The radiotracer carbon-11 (C-11) methionine (MET) with PET/CT can help clarify negative or inconclusive FDG-PET findings in multiple myeloma patients, as well as differentiate between atypical and typical pituitary adenomas, according to two Japanese studies presented at last week's RSNA 2012 conference.
In one study, researchers from Southern Tohoku General Hospital performed both FDG-PET/CT and MET-PET/CT scans on 69 patients with pituitary adenomas. The patient group consisted of 17 men and 52 women with a mean age of 42.8 years (range, 26 to 59.6 years).
MET-PET was performed 20 minutes after injection of the tracer, said lead study author and presenter Dr. Noriaki Tomura. FDG then was injected 60 minutes after MET-PET imaging, with the FDG-PET exam performed 60 minutes after FDG injection. Images were obtained at five or 10 minutes per table position.
Tomura and colleagues measured maximum standardized uptake value (SUVmax) for each adenoma. SUVmax of the pituitary gland also was calculated for 42 patients with suspected brain tumors, who underwent both FDG-PET/CT and MET-PET/CT and acted as controls with normal pituitary glands. Their tumors were not located near the pituitary gland, hypothalamic region, or optic chiasm, the researchers noted.
Mean SUVmax with MET and FDG differed significantly between normal glands and typical adenomas and between typical and atypical adenomas, Tomura and colleagues found. The mean SUVmax with MET was 2.1 (± 0.9) in normal glands and 3.5 (± 2.2) in typical adenomas. By comparison, mean SUVmax with FDG was 3.3 (± 0.7) in normal glands and 5.5 (± 6.4) in typical adenomas.
In atypical adenomas, the mean SUVmax with MET was 5.9 (± 2.4), compared with a mean SUVmax of 13.5 (± 12.1) with FDG.
Based on the results, Tomura and colleagues concluded that both FDG-PET/CT and MET-PET/CT can provide useful information in the diagnosis of pituitary adenomas and can help determine the possibility of atypical adenoma before surgery.
Multiple myeloma
In the second study, lead author Dr. Yuji Nakamoto, PhD, and colleagues from Kyoto Graduate School of Medicine evaluated 20 patients with histologically proven multiple myeloma. The 11 men and nine women (average age, 61 years) underwent a total of 16 FDG-PET/CT and MET-PET/CT scans within three weeks of each other for either staging or restaging of the disease.
Whole-body PET/CT was performed 20 to 30 minutes after injection of MET and one hour after administration of FDG. Both sets of images were analyzed visually on a scale of 0 to 4, with 0 as negative and 4 as positive.
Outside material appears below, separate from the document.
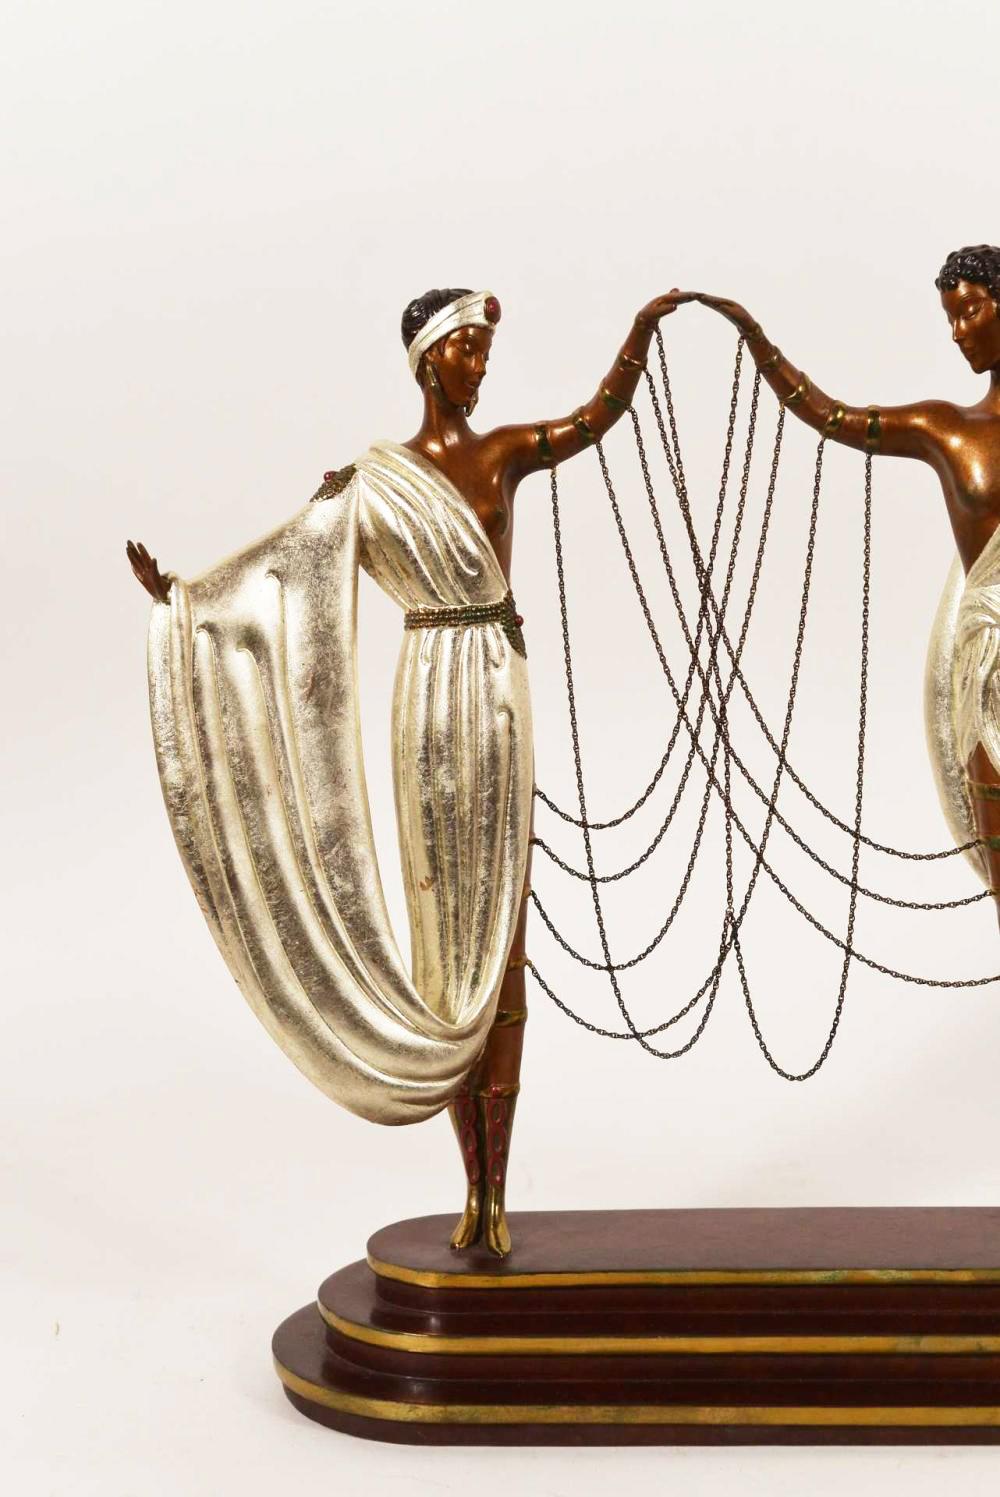 ERTE (ROMAIN DE TIRTOFF) 'THE WEDDING' BRONZE SCULPTURE - Art Deco Sculpture by Erte - Romain de Tirtoff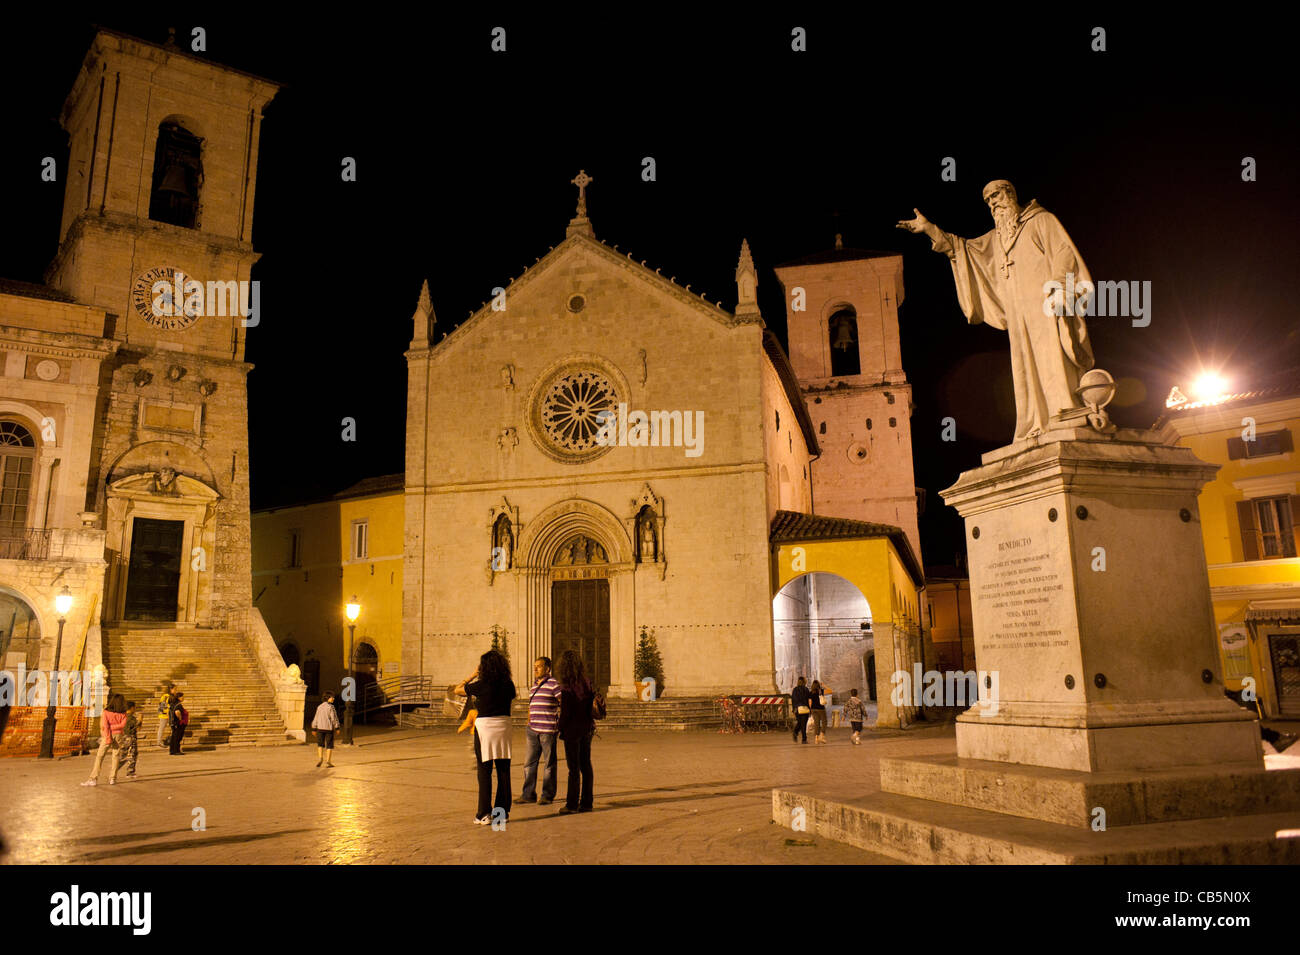 Piazza San Benedetto Norcia Ombrie Italie pendant la nuit Banque D'Images

Nakamoto and colleagues confirmed active myeloma in 11 of the 16 studies, including two patients with extramedullary lesions. Consistent results were obtained in 12 studies, with six positive and six negative results. In five studies of grade 4 for both MET and FDG scans, MET-PET discovered more lesions than FDG-PET.
MET-PET was positive in all six studies with hypergammaglobulinemia, Nakamoto noted; however, abnormal MET uptake was seen in four of 10 patients who did not have hypergammaglobulinemia.
Excluding two patients whose final diagnoses could not be determined, the patient-based analysis found that sensitivity for MET was 91%, compared with 82% for FDG. MET also achieved greater accuracy of 93%, compared with 86% for FDG. MET and FDG both reached specificity of 100%.
"MET-PET/CT revealed comparable or more lesions clearly, as compared with FDG-PET/CT in multiple myeloma," the researchers concluded. "It could be helpful especially when negative or inconclusive findings are obtained on FDG in spite of highly suspicious of recurrent myeloma."